Slave, Servant, Son

(The Nationalist, 21 April 2000)


There’s a tradition in the Russian Orthodox Church that people have one of three basic attitudes towards God: the attitude of the slave, the servant, or the son/daughter.

A slave is motivated by fear, especially the fear of punishment. He makes no decisions about anything; he is to be seen and not heard. He has no personal responsibility; that’s in the hands of others. His motto is to shut up, do as he’s told, keep his head down and stay out of trouble. Underneath his apparent compliance there is resentment and hatred: why do I have to be like this, to do this work, to take orders from so-and-so? Why can’t I do what I want? He will do as little as possible and get away with as much as possible. His morals are those of the cute hoor: keep up appearances, and, above all, don’t get caught. This results in a personality which is cunning and devious, and refuses to grow up and take responsibility for itself.

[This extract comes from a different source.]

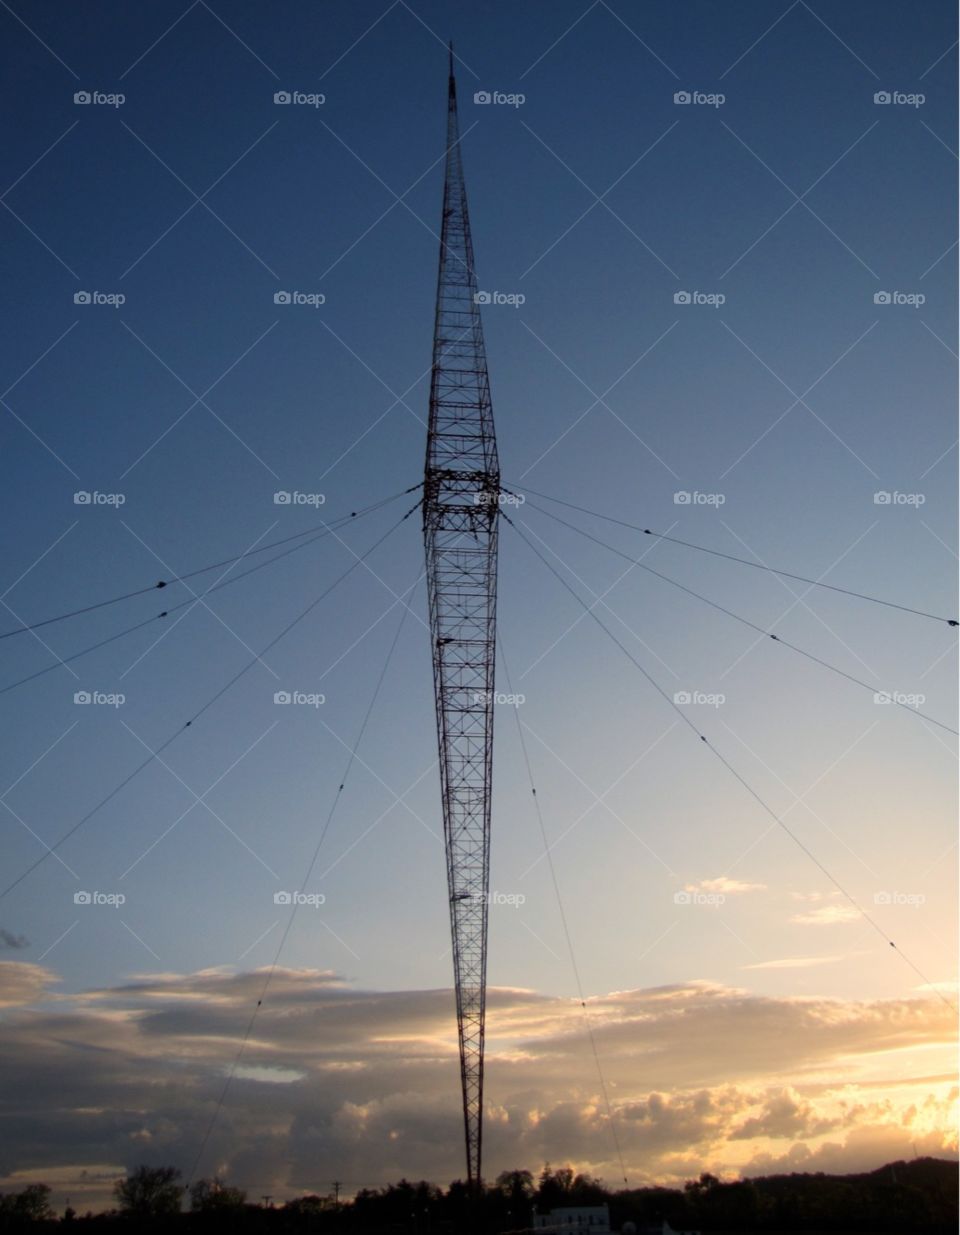 WSM radio tower Nashville, Tennessee

It’s a mistake to assume, as free people do, that slaves always want freedom. A long period in slavery can lead to the internalization of the slave mentality, to wanting and even preferring the security of slavery to the risk of freedom, and to actively and willingly participating in the perpetuation of the slave condition: fear of the insecurity and uncertainty that freedom would bring; fear of having to make choices and decisions, fear of responsibility, fear of growing up.

The servant has a self-seeking frame of mind. The question he asks is, ‘What’s in this for me? What do I get out of it?’ It was the question of Saint Peter, ‘What about us who have left everything and followed you?’ Who is so high-minded that such thoughts never crossed his/her mind?

The servant has a legalistic frame of mind: he goes by the book, follows the rules and takes no risks unless there is the clear expectation of a reward. He’ll do what’s required and no more. He’s watching the others to see if they’re getting more than he is. He may see the generous, willing volunteer as a naïve fool – or perhaps a threat. His rule-based outlook is a good servant – but a bad master. He starts with God as his ruler, and he ends with rules as his God.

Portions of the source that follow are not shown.